Добавить в цитаты Настройки чтения

Страница 97 из 136

А когда он накрыл моей рукой член Амора и легонько сжал ее сверху – у меня на миг потемнело в глазах и закончилось дыхание. Пусть эти двое и потомки богов, но демоны они еще те – да разве ж можно творить такое с женщиной?… Амор вздрогнул, застонал сквозь зубы, одновременно – беспомощный и способный на все. Мой. Действительно мой. Наши глаза с Альдаром встретились, и я уловила в них всего одну мысль: «Ни о чем не беспокойся – я за вами присмотрю».

Амор в меня не вошел – он ринулся в меня, как самоубийца в бездну. Весь. Целиком. Упал и замер, насквозь пронзив молнией удовольствия. Я инстинктивно сжалась вокруг него – невыразимо сладко для нас обоих… И эта сладость сполна отразилась в его сумасшедших, колдовских глазах: «Сладко… как же сладко в тебе»… Ответная мысль рванулась, как птица в небо: «Хочу тебя… хочу всего… хочу так – как это нужно тебе»…

…В этом не было ни принадлежности, ни обладания – мы оказались с ним равны в своем сумасшествии. Это был даже не секс – это была потребность, восставшая из мертвых, из самых глубин, с какого-то первичного уровня. Потребность, которая возникла раньше, чем желание есть, пить и жить, возникла – до всего… Бездумно и безоглядно мы вжимались, вламывались друг в друга так, словно хотели просочиться под кожу… Захлебываясь, задыхаясь, мы цеплялись, мы хватались друг за друга, как – утопающие за соломинку… Мы взламывали все пароли и отменяли все границы – как будто в том, другом, находится важная, недостающая часть тебя. Часть – без которой тебя нет, и не будет.

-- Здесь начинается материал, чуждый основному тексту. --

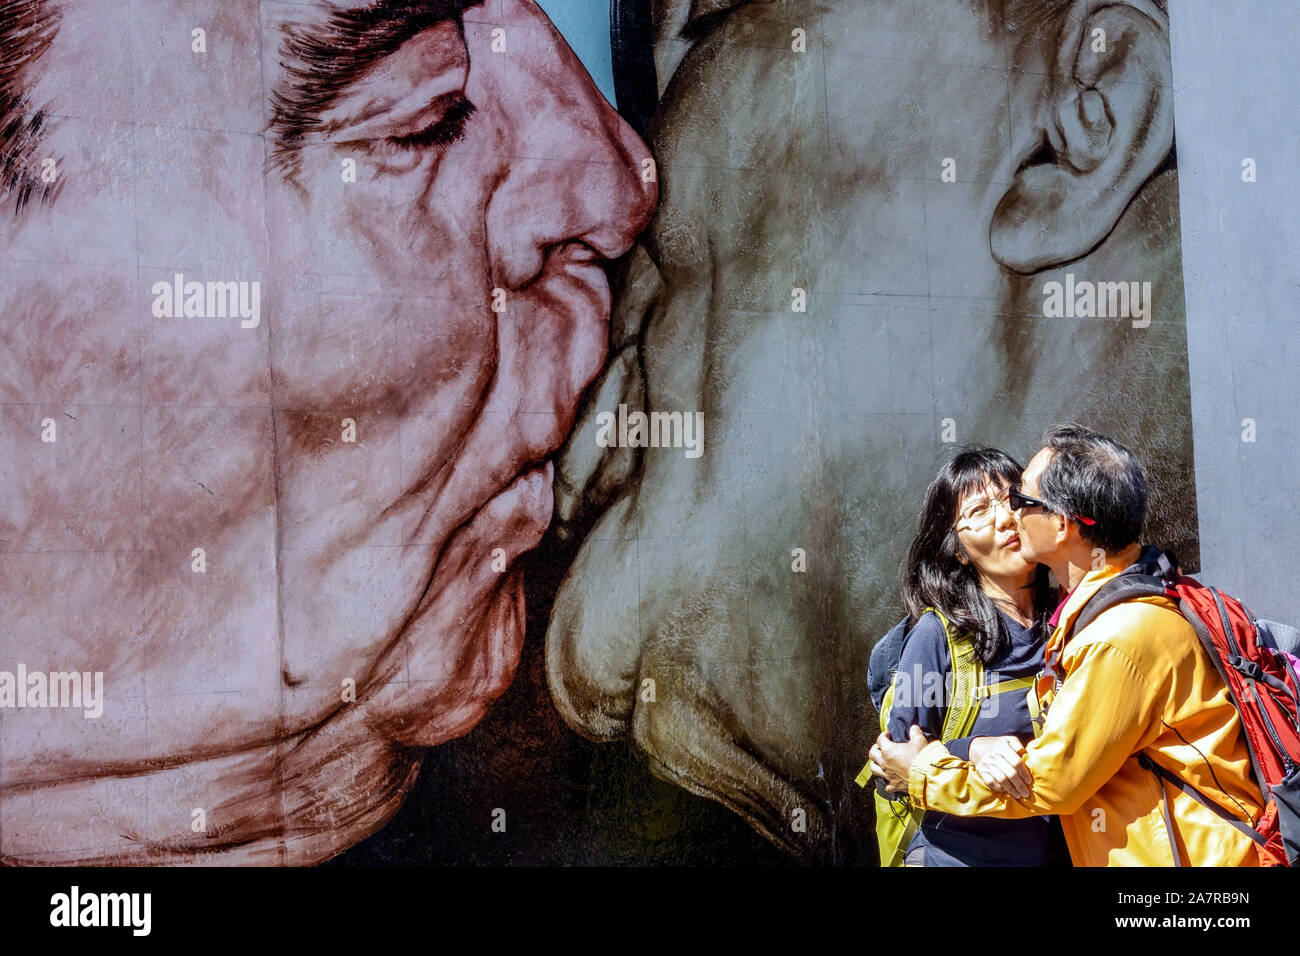 Berlin wall graffiti East Side Gallery, Asian tourists are kissing under a frightening kiss Brezhnev Honecker Germany graffiti wall Stock Photo

И дотянуться до нее, соединиться с ней – вопрос жизни и смерти… По сравнению с этим даже невероятная сила альфара отошла на второй план – как что-то несущественное. И когда я вслепую нашарила в нем то, что искала, а он – во мне, мир не выдержал, сдался, взорвался ослепительным фейерверком, и потом оказалось – он умер. Чтобы родиться заново – уже нашим…

А после того, как мы с Амором пришли в себя, меня ждало очередное потрясение. Любовь – безграничная, всемогущая, вездесущая, была во всем: в его глазах, губах, каждой черточке, сердцебиении, дыхании. Она слепила лучами, рвалась наружу, выплескивалась через край, пока я не начала задыхаться от нее – в себе…

В следующий момент собственный голос показался мне чужим, настолько осипшим он был – неужели кричала так, что сорвала?

- Знаешь, что означает твое имя на одном из языков Земли?

- И что же? – улыбнулась любовь, словно обняла.

- Оно означает – любовь…

Любовь лизнула меня в кончик носа, на секунду остановив сердце:

- Ну… судя по тому, что творится у меня внутри – имя это мне вполне подходит. А я тут кое-что еще про себя узнал, сладкая. Оказывается – я лгал другим женщинам, до тебя.

- И в чем же ты им лгал?

- Я лгал, когда говорил им: я – твой.

Ну, да, лгал, потому что ты – мой. И вовсе не из-за того, что мне так хочется – просто это данность какая-то…

- Я тоже кое-что узнала. Узнала сейчас не понаслышке – что такое страсть Сатаны. А про себя узнала, что я безбашенная ведьма – вполне этому Сатане под стать…

- И кто такой этот Са-та-на?

- Не важно, забудь…

Вот как объяснить жителю мира, в котором нет таких понятий, как добро и зло, кто такой Сатана? Альфаиру были знакомы понятия вреда и блага, а что касается добра и зла – ни в одном из местных языков и слов-то этих не было. Скажете – это плохо? Не знаю – не уверена.

Амор повернул голову в сторону лежащего на боку Альдара:

- Теперь твоя очередь, Владыка – снимать меня с нее.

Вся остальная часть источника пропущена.